目玉となるのが、世界から出展されるパビリオン。なかでも、万博のテーマとなっている「いのちの輝きプロジェクト」。

 映画監督の河瀬直美氏、メディアアーティストの落合陽一氏ら8人が手掛ける計画だ。しかし、万博の中心となるテーマ館のパビリオン建設の入札が不調となり、工事にとりかかれない事態になっている。

 また「大催事場」「迎賓館」も落札はなく、日本国際博覧会協会のホームページには、昨年に一般競争入札となった工事10件が不調と書かれている。

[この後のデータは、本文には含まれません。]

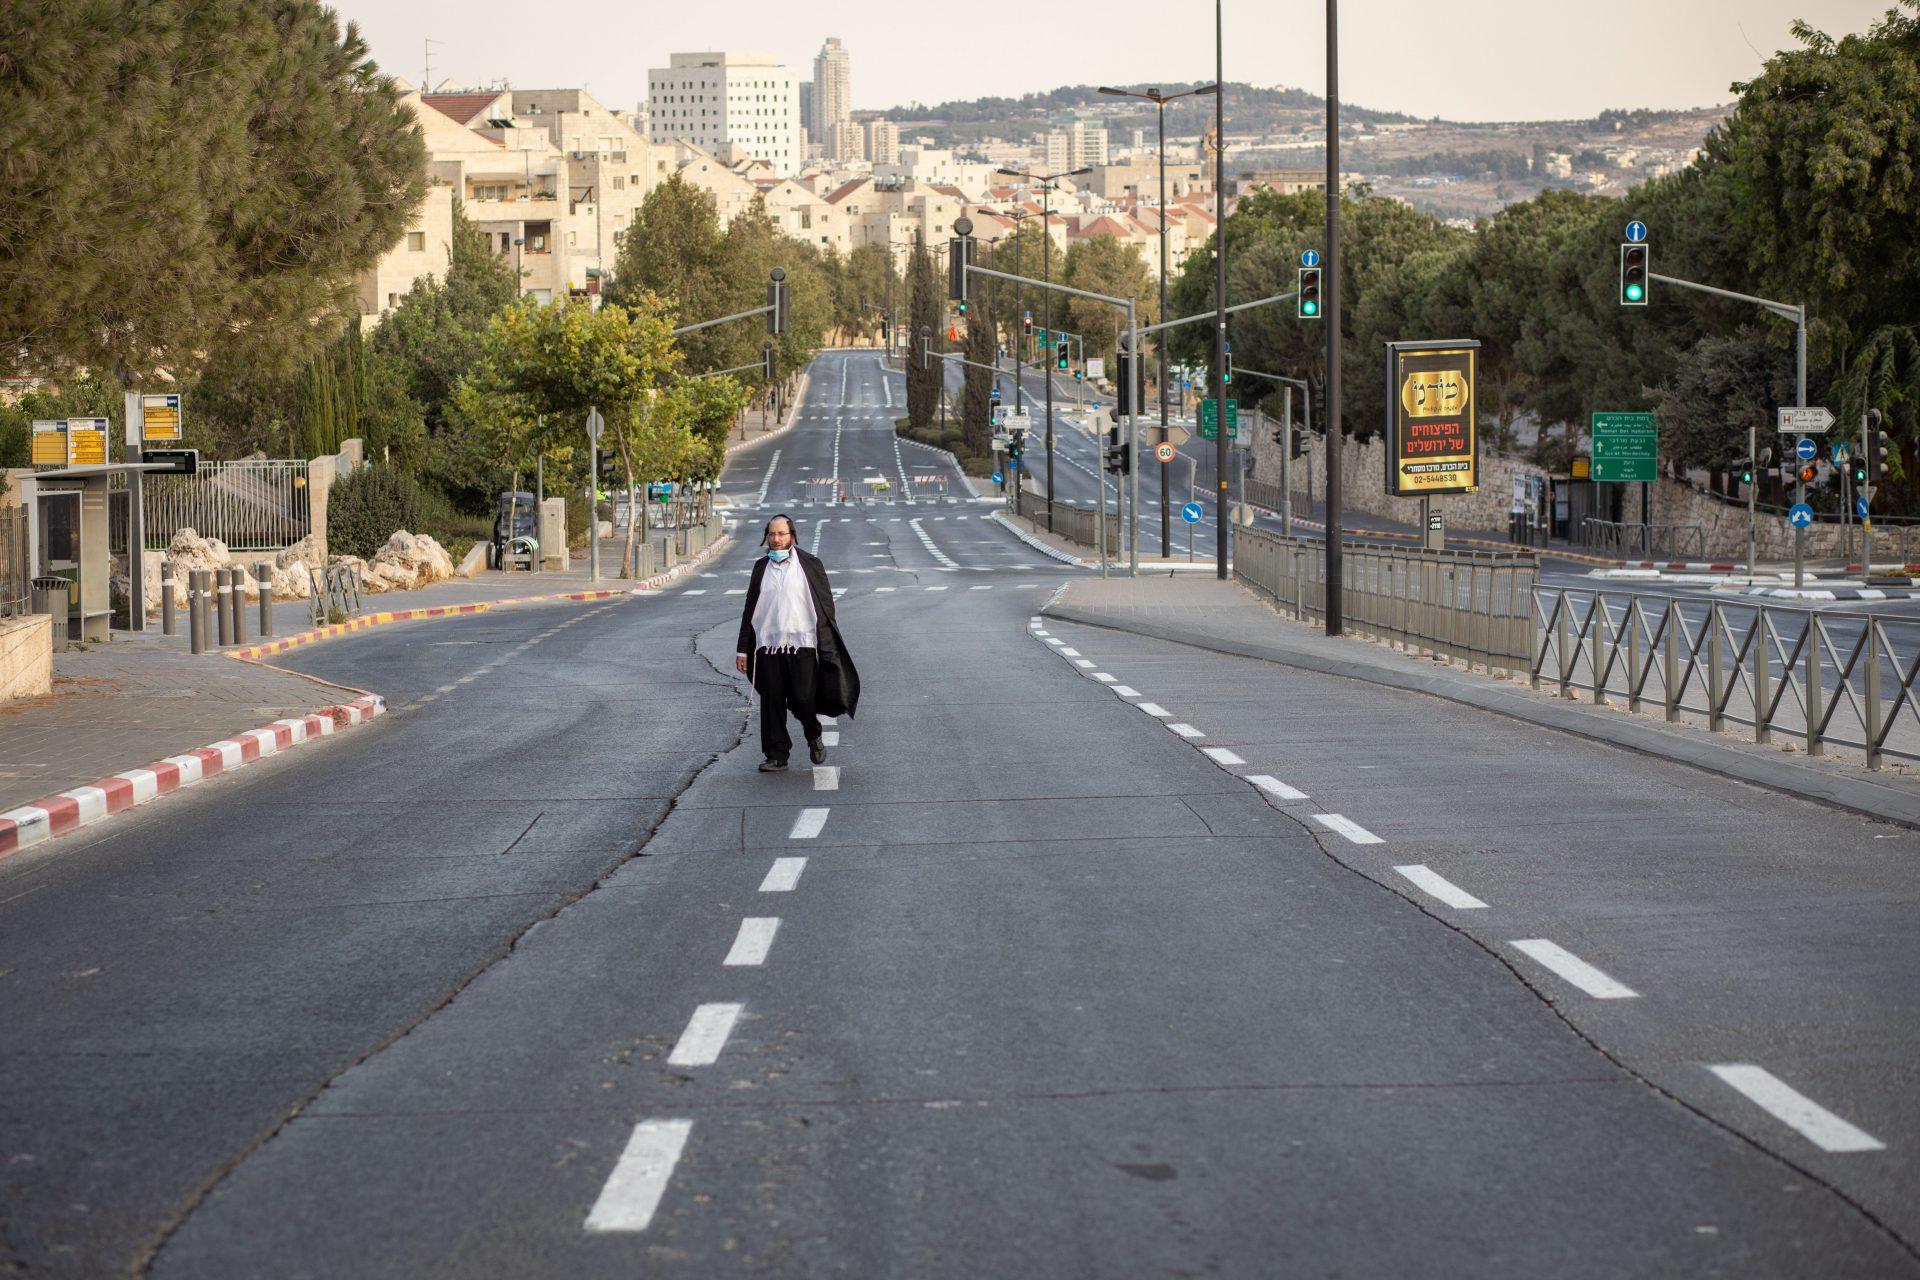 סגר ראש השנה בירושלים (צילום: אמיל סלמן)

 すでに万博関連工事を受注している大手ゼネコンの幹部は不調の理由を「2025年に万博開催ですよね。もう2年しかないわけです。それに万博のパビリオンというのはわかりやすく言うと、世界に一つしかなく、なおかつ高いクオリティーのものを建設しなければならない。ある程度の規格が決まっているマンションやビルなどと違い、複雑です。万博のホームページに、河瀬さんや落合さんらのパビリオンのイメージが掲載されていますが、あれを見るだけで二の足を踏みます。もちろん費用は高くなります。おまけに、ウクライナ情勢や世界的なコロナ禍で資材の高騰が続いている。日本国際博覧会協会から出ている値段ではまったく利益がとれません」

 と説明し、こうも話した。

「業種はまったく違いますが、東京オリンピック・パラリンピックで汚職事件がありました。広告会社が仕切ってまとめる。昔ならわれわれの業界も大手ゼネコンがまとめて“調整”なんてことはありました。けど、あの事件を見ると、そんなことはできません。それに万博の会場建設費の上限は決まっていますからね」

 と業界の裏事情を打ち明ける。

 万博の会場建設費は1850億円。国、大阪府・市、経済界が3分の1ずつ拠出することになっている。

 松井市長は、

「もともと厳しめに見積もって入札をかけていた。1850億円の上限を維持するために必死でコストをおさえる努力をしている。それがあるから不調なのかもしれない。高い品質のものを安く、1850億円の総予算におさまるように、お互いが知恵を振り絞ってやっている」

 と説明する。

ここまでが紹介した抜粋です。